WORK REQUEST
The records that follow are to be reproduced exactly. Any pictures in them are left out.

INPUT DATA
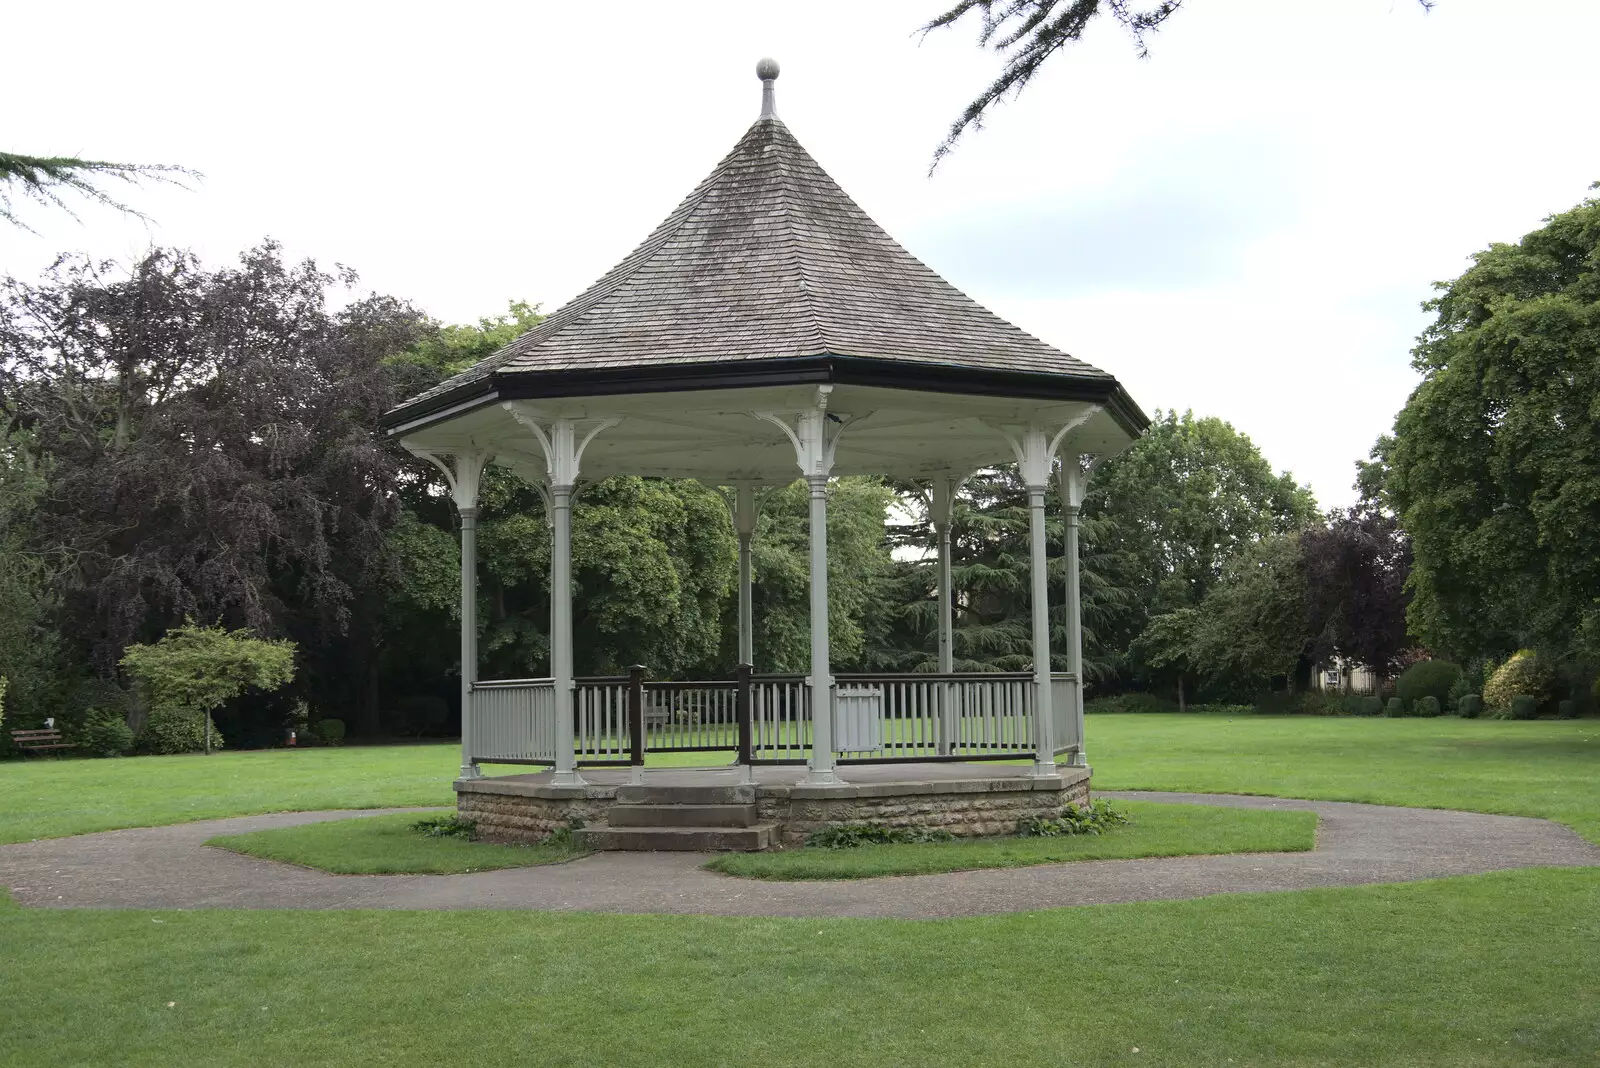 An empty band stand, from Pork Pies and Dockside Dereliction, Melton Mowbray and Liverpool - 7th August 2021
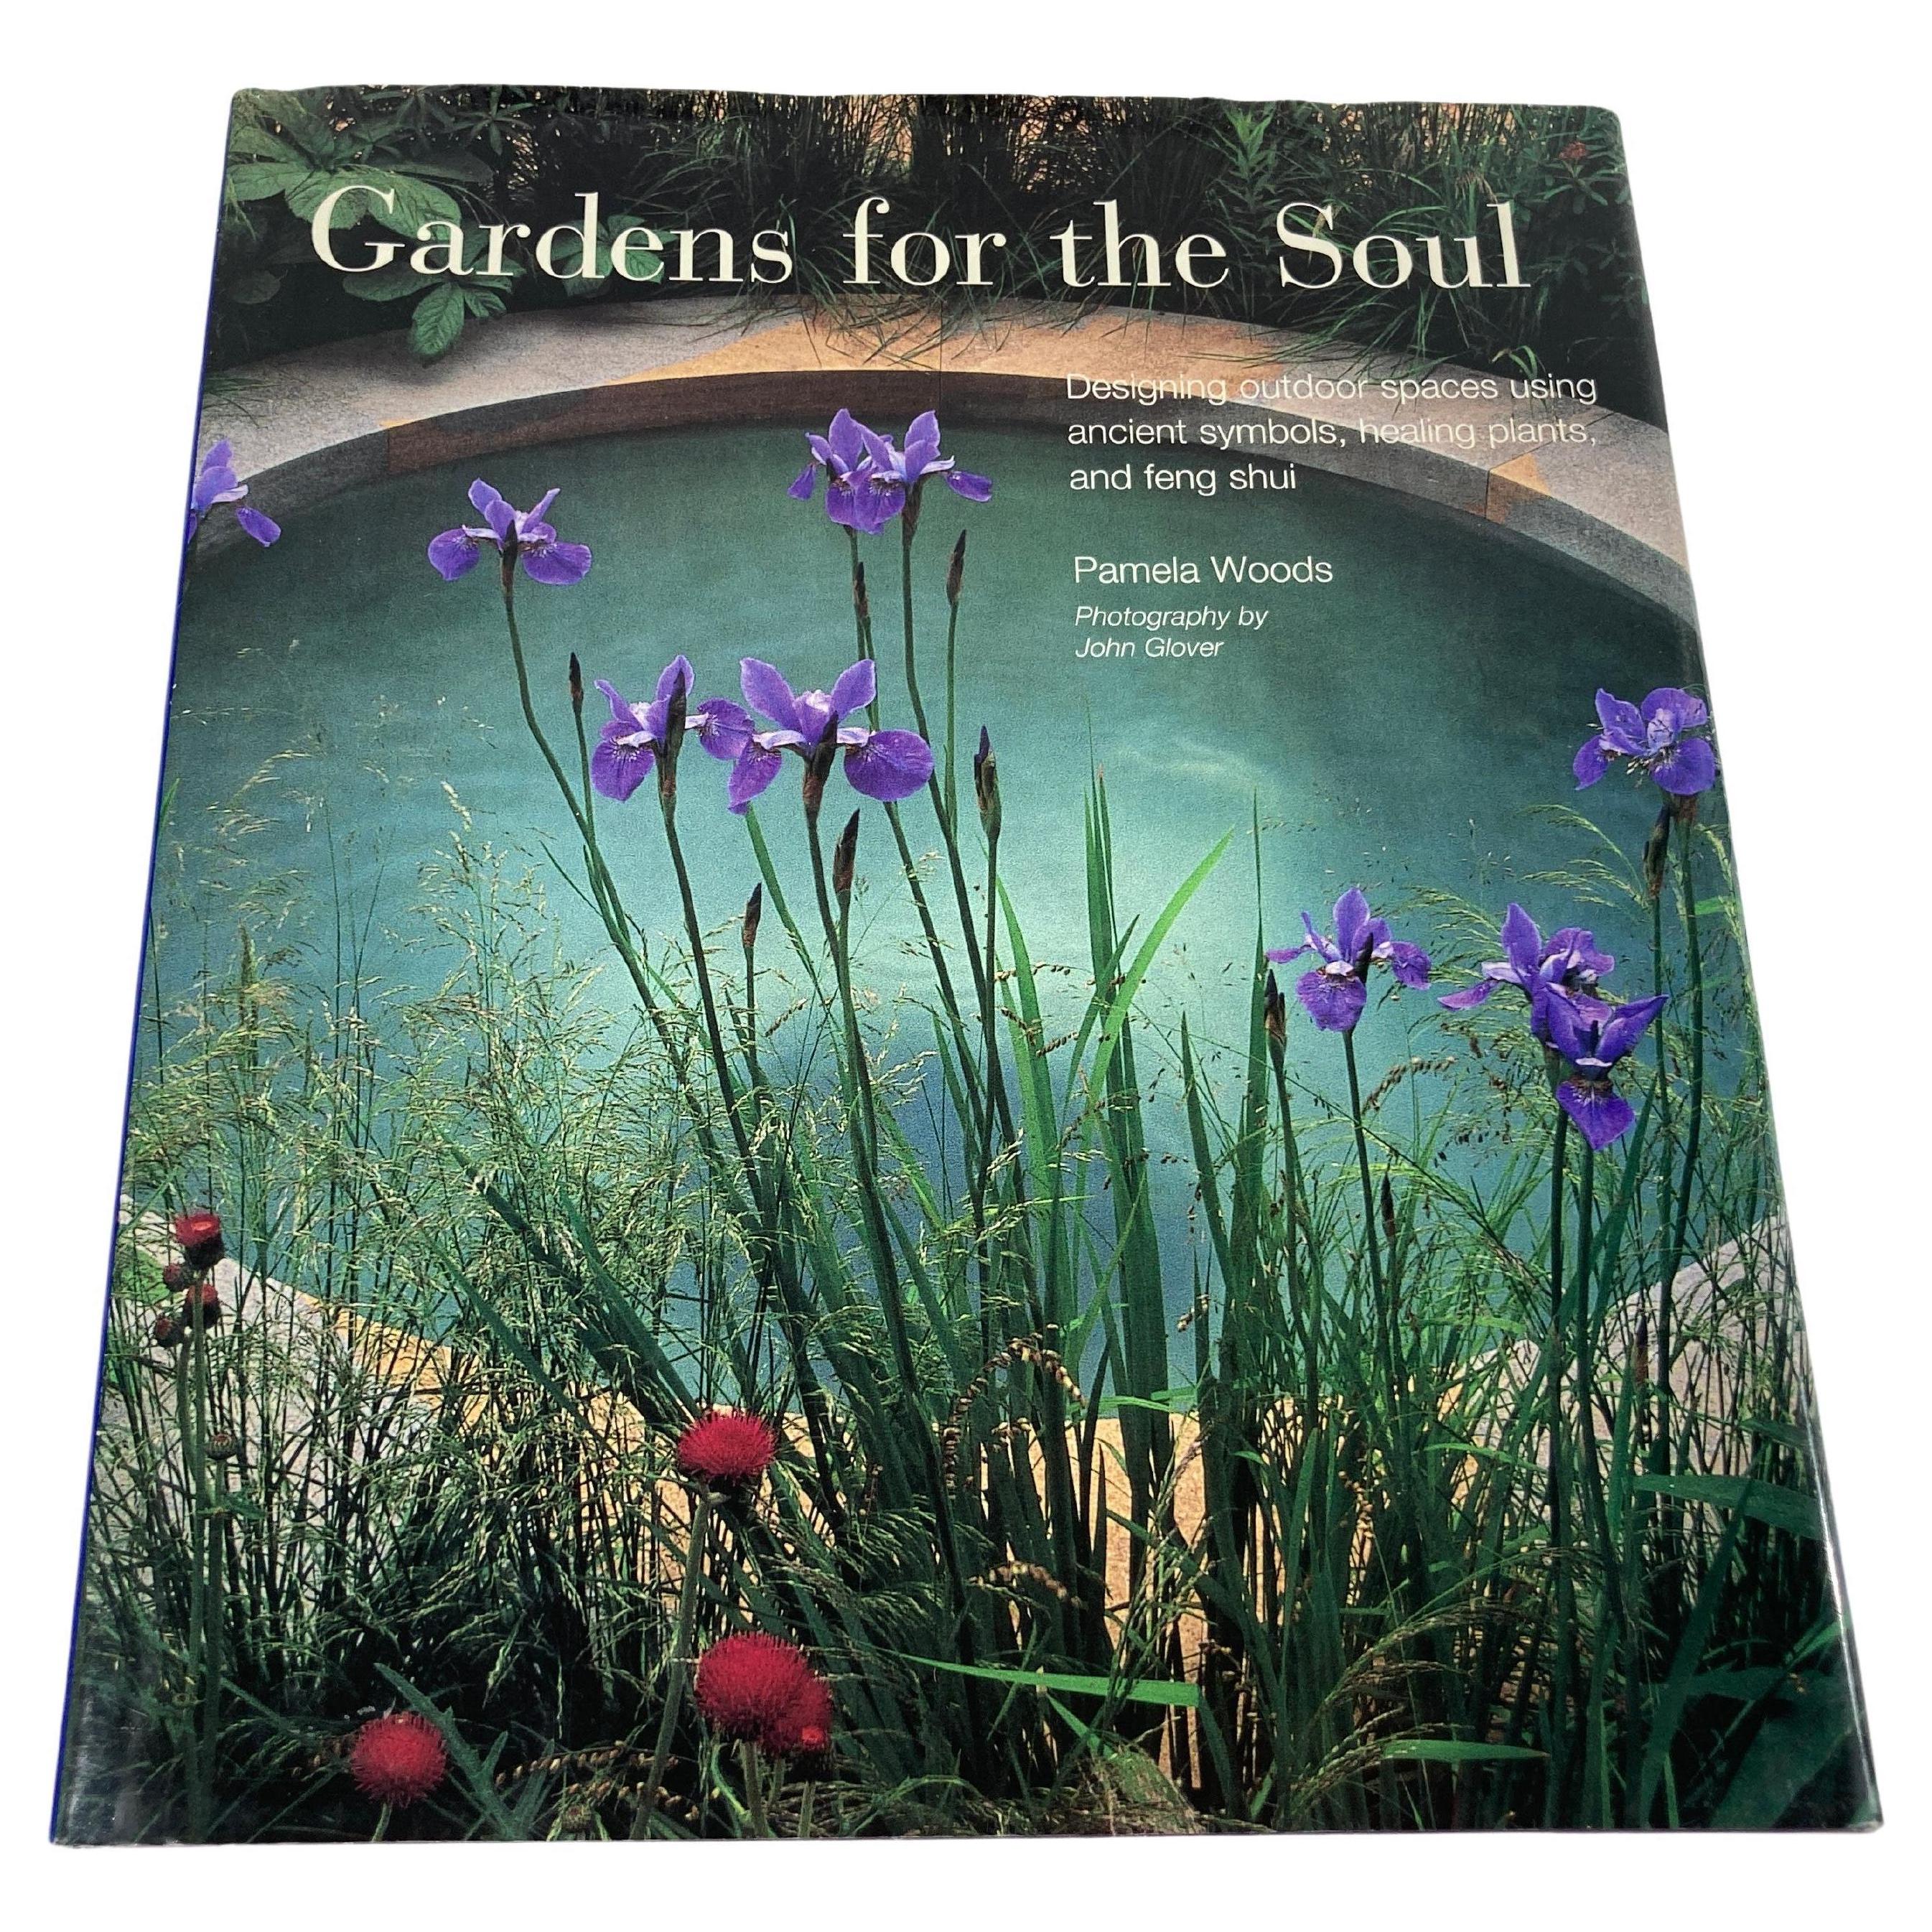 Gardens for the Soul Hardcover Table Book.
Large coffee table book by Pamela Woods
Rizoli International, 2002 - 1st Edition.
Feng shui gardens - 160 pages
Pamela Woods' approach to garden design teaches you how to create a garden that reflects
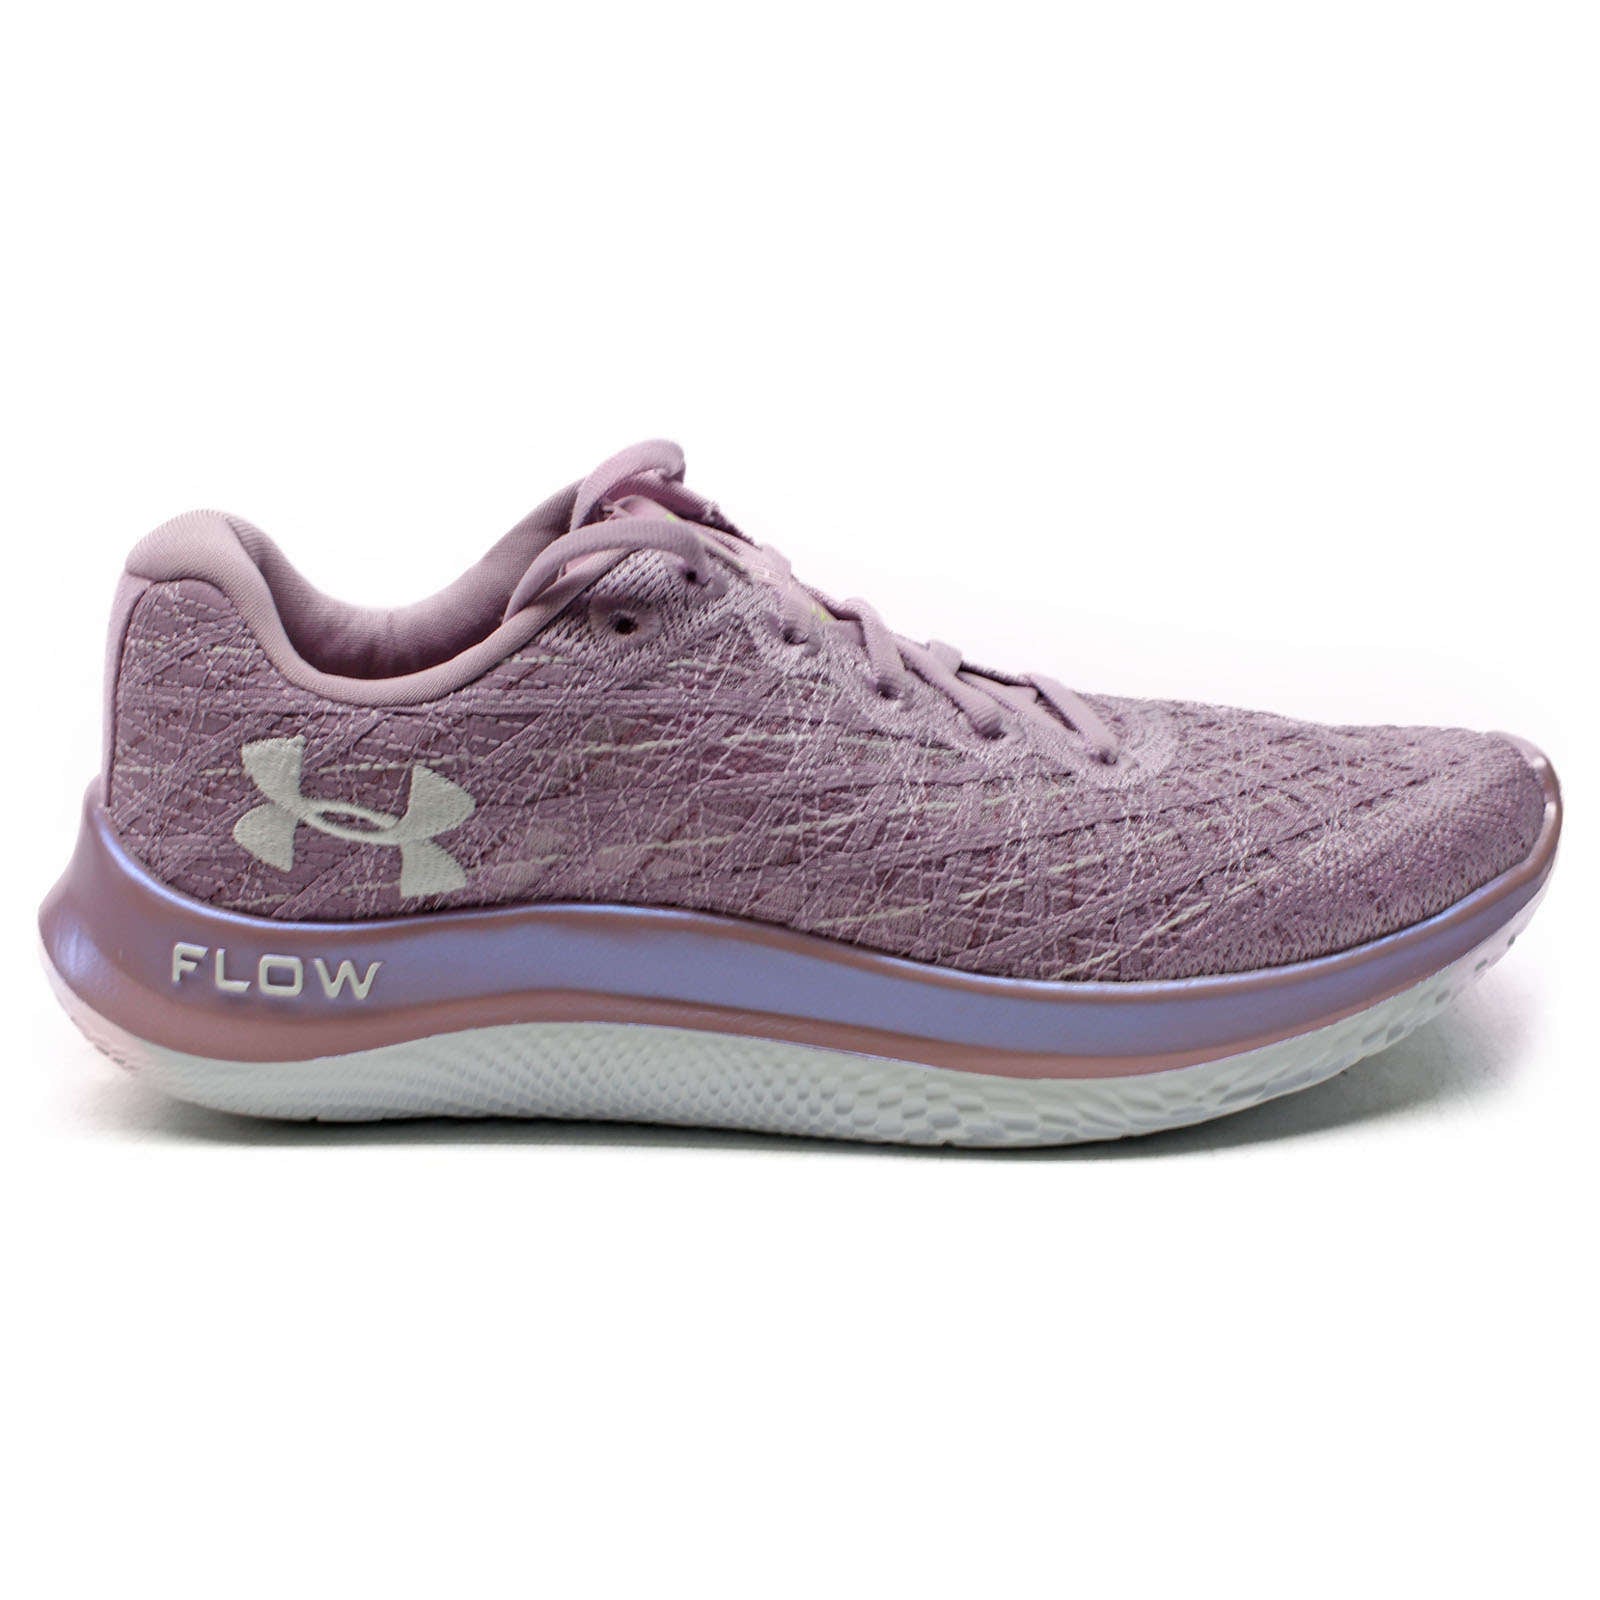 Under Armour Flow Velociti Wind Synthetic Textile Women's Low-Top Trainers#color_pink pink

FINISHED EXERCISE
 An empty band stand, from Pork Pies and Dockside Dereliction, Melton Mowbray and Liverpool - 7th August 2021
 Gardens for the Soul Hardcover Table Book.
Large coffee table book by Pamela Woods
Rizoli International, 2002 - 1st Edition.
Feng shui gardens - 160 pages
Pamela Woods' approach to garden design teaches you how to create a garden that reflects
 Under Armour Flow Velociti Wind Synthetic Textile Women's Low-Top Trainers#color_pink pink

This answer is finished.